Razak was subsequently charged with having abetted her murder, a charge he strongly denied. He was acquitted without having to put on a defense in 2008 although in a statement given to the police he said he had asked officials to “do something” about Altantuya.
Sirul and Azilah, who pleaded not guilty, were convicted in 2009 of the murder and sentenced to death. During their 159-day trial, over two and a half years, Sirul said he was “a black sheep who has to be sacrificed” to protect unnamed people. A US Embassy cable made public by Wikileaks speculated that the trial was being deliberately delayed.
Both men were acquitted by the Court of Appeals in 2013. Sirul immediately left for Australia on a tourist visa before the Federal Court, Malaysia’s highest, was to hear an appeal by federal prosecutors against the acquittal. In January 2015, the Federal Court reinstated their convictions and death sentences and Azilah went alone to prison.
When authorities learned Sirul was staying with his son in Queensland, they arrested him on a tourist overstay and detained him in Villawood, where he has remained ever since. Remarkably, after he made sensational remarks by telephone to the popular news site Malaysiakini that he might tell what he knew, two lawyers connected with the United Malays National Organization flew to Australia to defend him – raising the spectacle that lawyers for the country’s top political party were defending and advising a convicted murderer in one of Malaysia’s highest-profile cases.
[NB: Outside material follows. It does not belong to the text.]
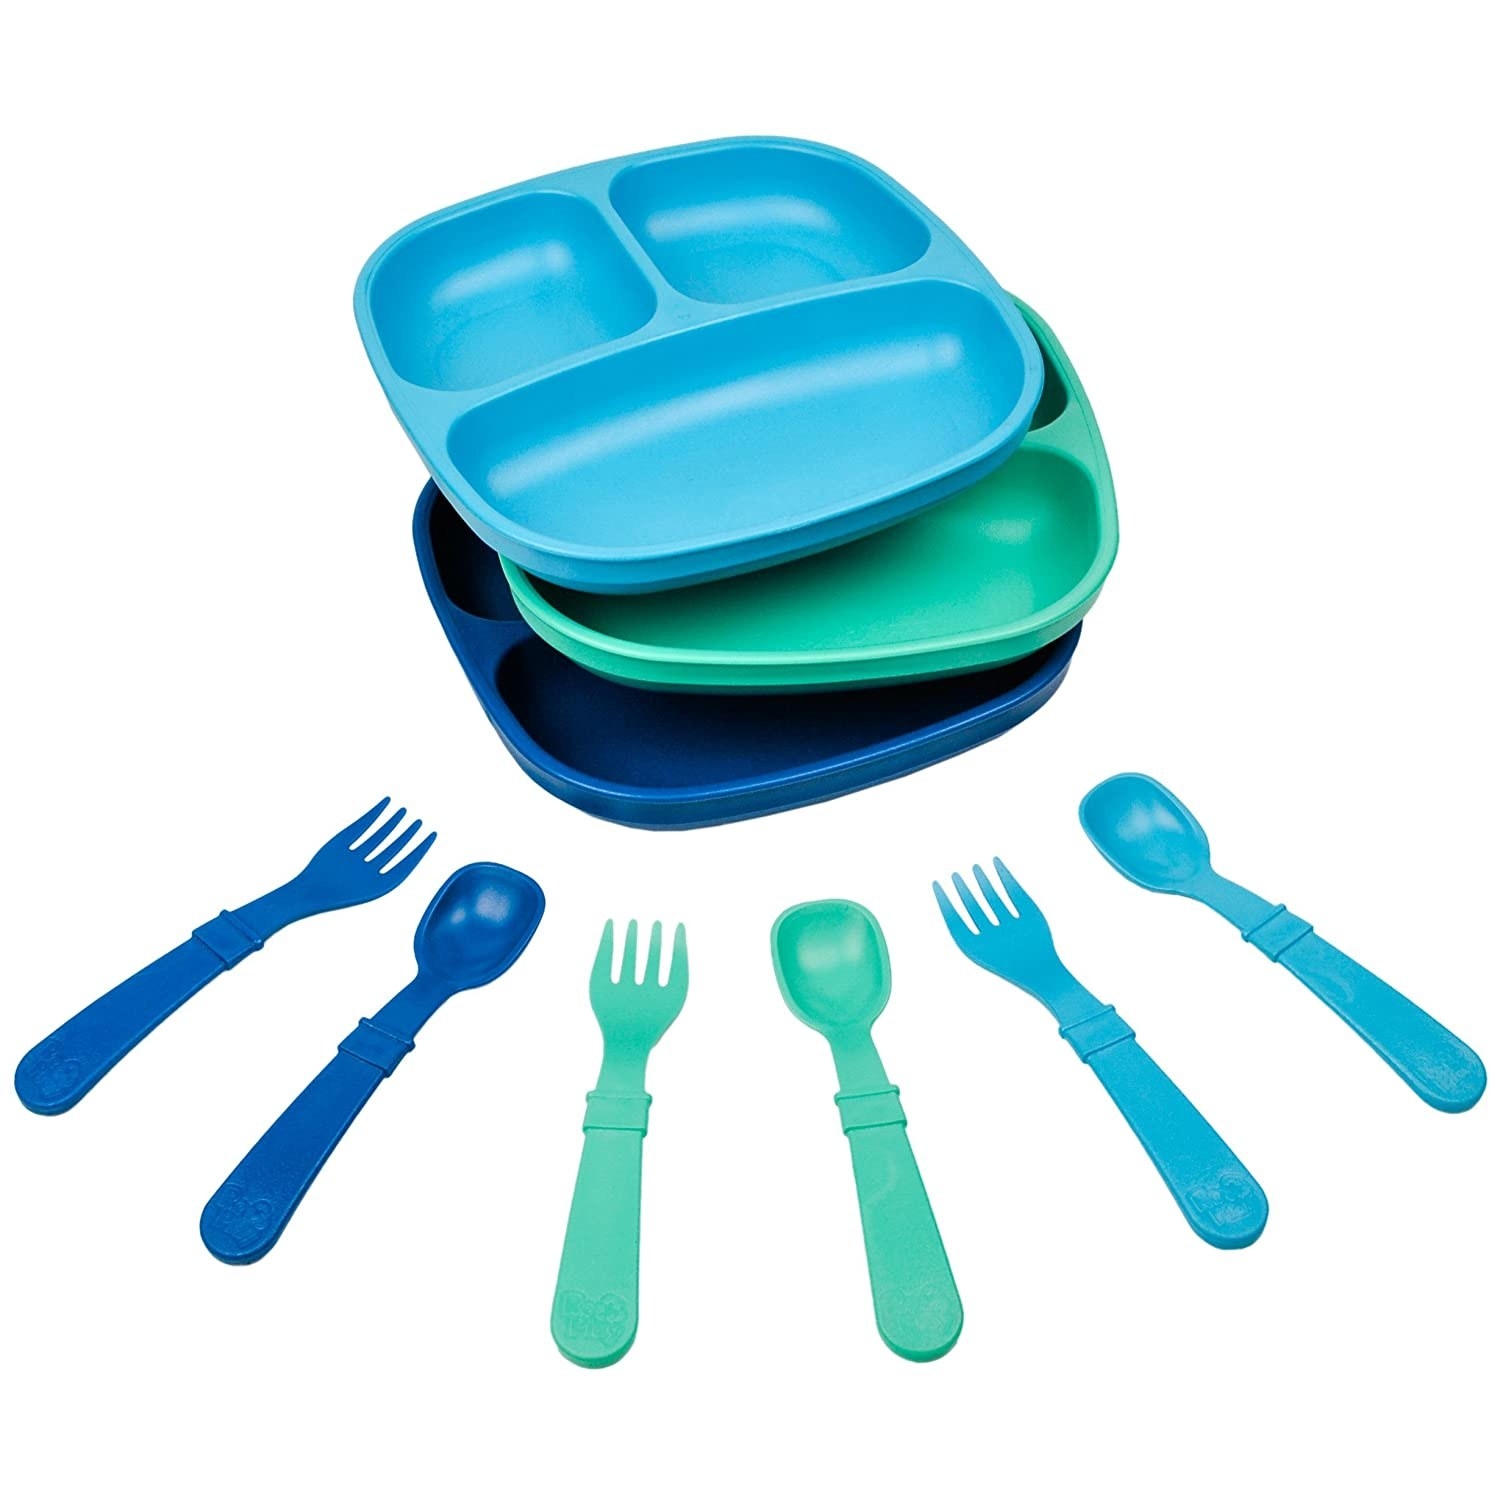 A teal and blue set with three plates and matching flatware, made from recycled milk jugs.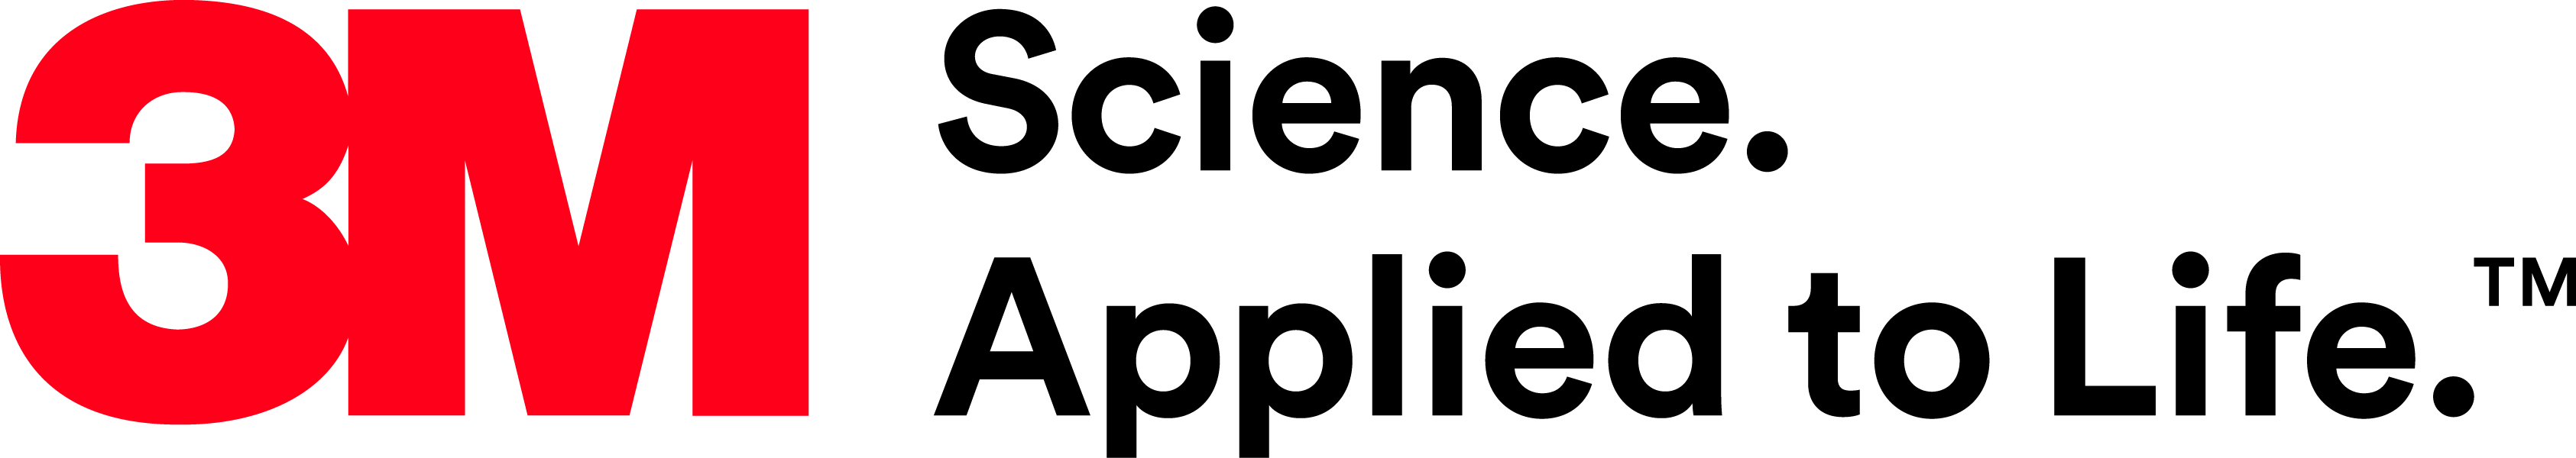 3m Science Applied to Life Logo

There the matter has stalled. Azilah is in prison, Sirul is in comfortable detention in Australia. Former Prime Minister Mahathir Mohamad has demanded a deeper investigation into who paid the two to kill the Mongolian beauty. There has been no response. Mahathir has been threatened with libel and sedition charges in his attempts to pull down Najib.
Despite widespread calls for justice, Altantuya Shaariibuu’s death, her participation on the Scorpene transaction and the events that led to her death ten years ago remain unexplained.